In 1951, Cascio turned down a chance to join the famous Lawrence Welk Orchestra, and instead built a larger, new Cascio Music store on Lincoln Avenue in nearby West Allis. The new store added sheet music and lessons, with as many as 600 music lessons taught weekly by a staff of 40 instructors, with accordion lessons being the most popular.

A mail order division, Interstate Music Supply, began in 1970, initially with a small flyer to service regional school band directors in the far corners of Wisconsin, but which eventually grew into larger catalogs. In 1973, a second location, Cascio Music-West, was added in the rural New Berlin suburb of Milwaukee, to house Interstate Music Supply and a small retail outlet to mostly handle instrument rentals. The New Berlin store grew and eventually replaced the Lincoln Avenue store, which closed in 1976. Shortly after, Cascio sold the sheet music side of the business to Eric and Trudy Metz, and Metz's Sheet Music World rented space inside Cascio Music until Eric Metz's death in 1996. In 1998, Cascio re-acquired Metz's Sheet Music World and incorporated it in Cascio Music's operations.

Cascio Interstate Music began publishing the Interstate Musician Drum Catalog in 1993, followed by Guitar/Bass and Keyboard/MIDI Catalog, which drove major growth in the company's mail order operations in the 1990s.
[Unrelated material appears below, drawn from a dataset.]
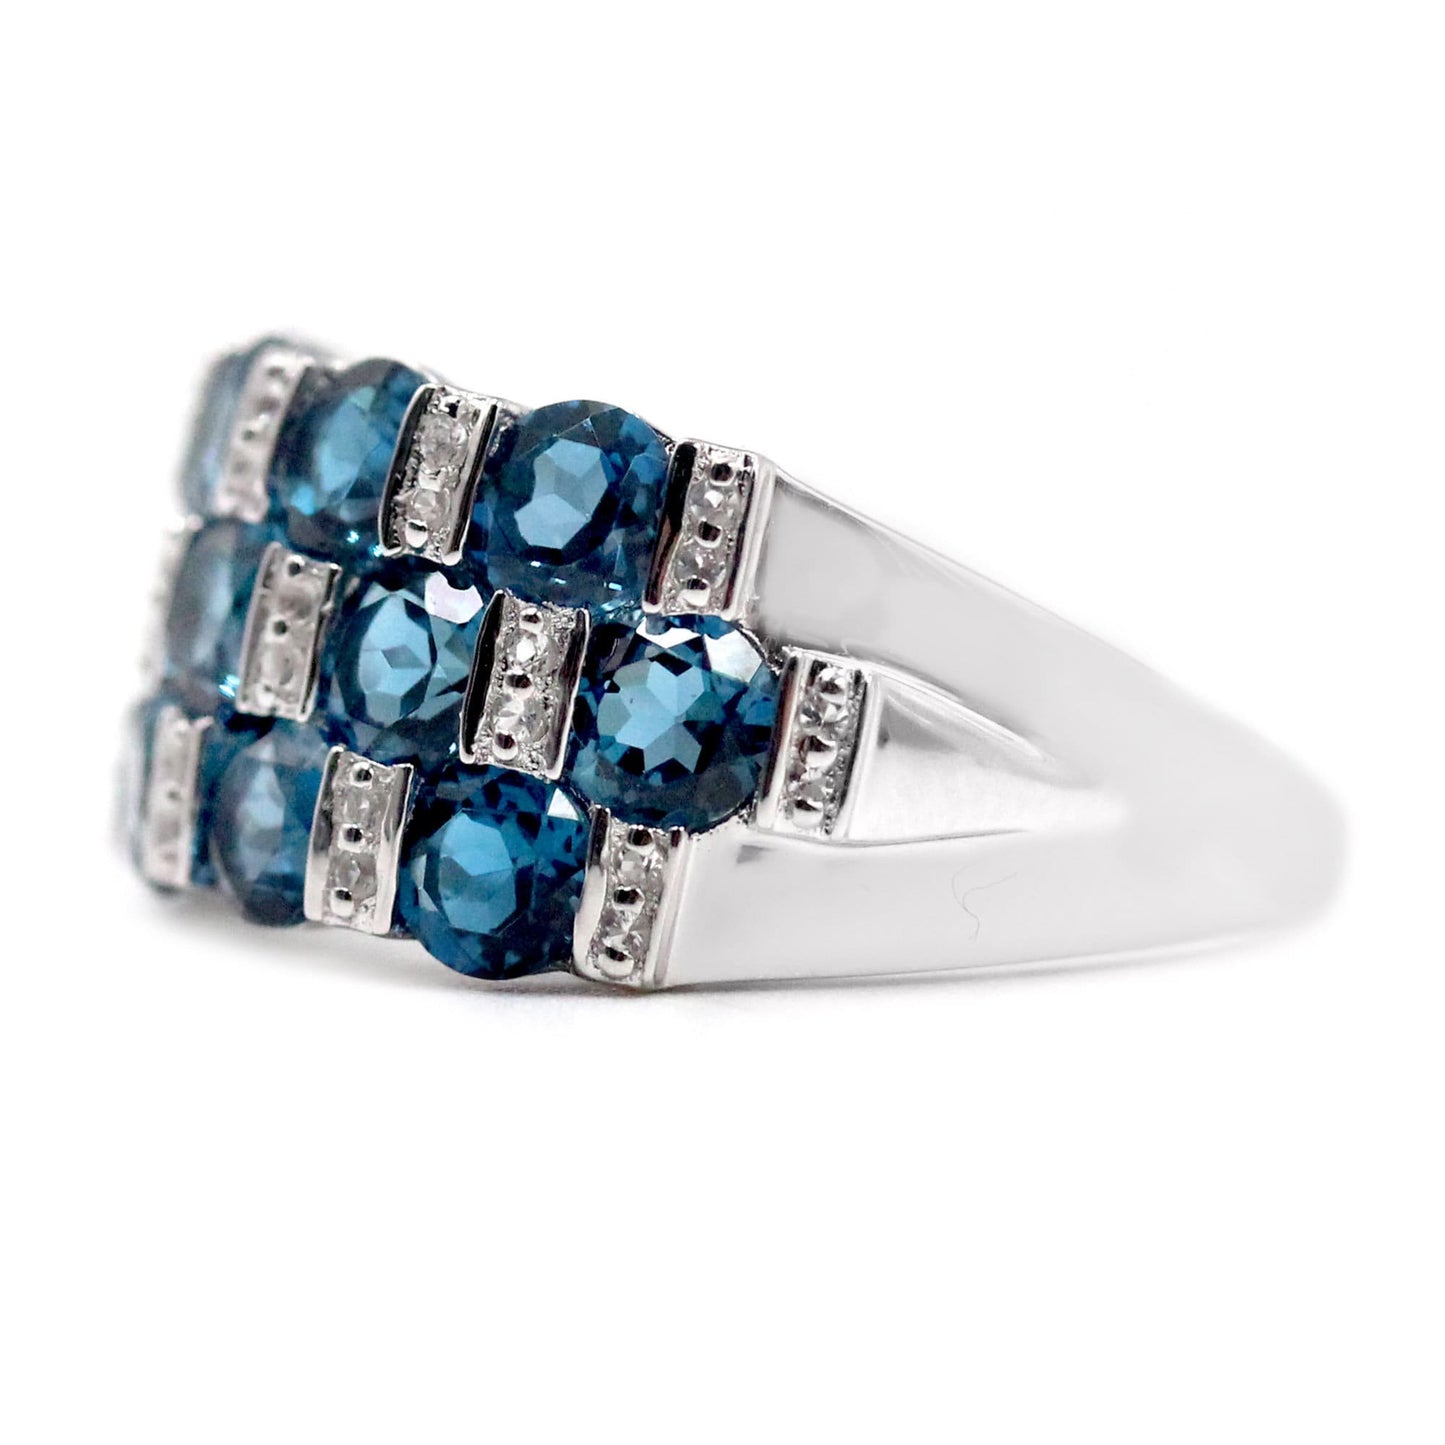 London Blue Topaz Gemstone Ring, 925 Sterling Silver Ring, Engagement Ring, Birthstone Ring-Gemstone Jewelry Anniversary Gift-Gift For

The school music catalog for band directors continued as well. A warehouse was added to the back of the store to handle this growing mail order business.

The Cascio Music retail store gradually absorbed adjacent businesses to expand, with a major remodeling in 1997-1998 almost doubling the retail floor space, to . The company relocated its warehouse to a much larger,  facility in Waukesha, allowing further retail expansion of the drum, guitar, and pro audio departments, including a dedicated acoustic guitar "cabin," a cymbal room, plus separate wind instrument tryout rooms.

In 1997, Frank S. Cascio died at age 76, and his son Mike assumed ownership of the business. The company opened additional retail locations in the Milwaukee suburbs of Mequon and Hartland, but both were closed in 2003. In 2000, the company established www.interstatemusic.com and developed it into a full-featured e-commerce website over the next decade.

In 2003, Mike Cascio formed an advisory board, where he met Michael R. Houser, former Vice Chairman, Executive Vice President and Chief Marketing Officer of Fresh Brands, Inc.. Houser had also served on the Executive Committee and Board of Directors of Summerfest organizer World Festivals, Inc.. In 2004, Houser became Cascio Interstate Music's Chief Executive Officer/Chief Marketing Officer, and in 2005, Elwood Winn, former Fresh Brands President and CEO, joined Cascio Music as Chief Financial Officer.

In 2020, Wisconsin-based Geneva Supply acquired Cascio Interstate Music through a voluntary receivership and rebranded the company Interstate Music.

Proprietary Musical Instrument Brands 
ARU Music is Cascio’s division encompassing proprietary brands of musical instruments. ARU's original and primary instrument lines are Archer Guitars and Amps, Union Drums and Ravel Band Instruments. Additional brands developed in recent years include M. Ravel String Instruments, le'Var Band Instruments, Melokia and Omâlha Ukuleles, Union One Earth Percussion and Gravity Pedals.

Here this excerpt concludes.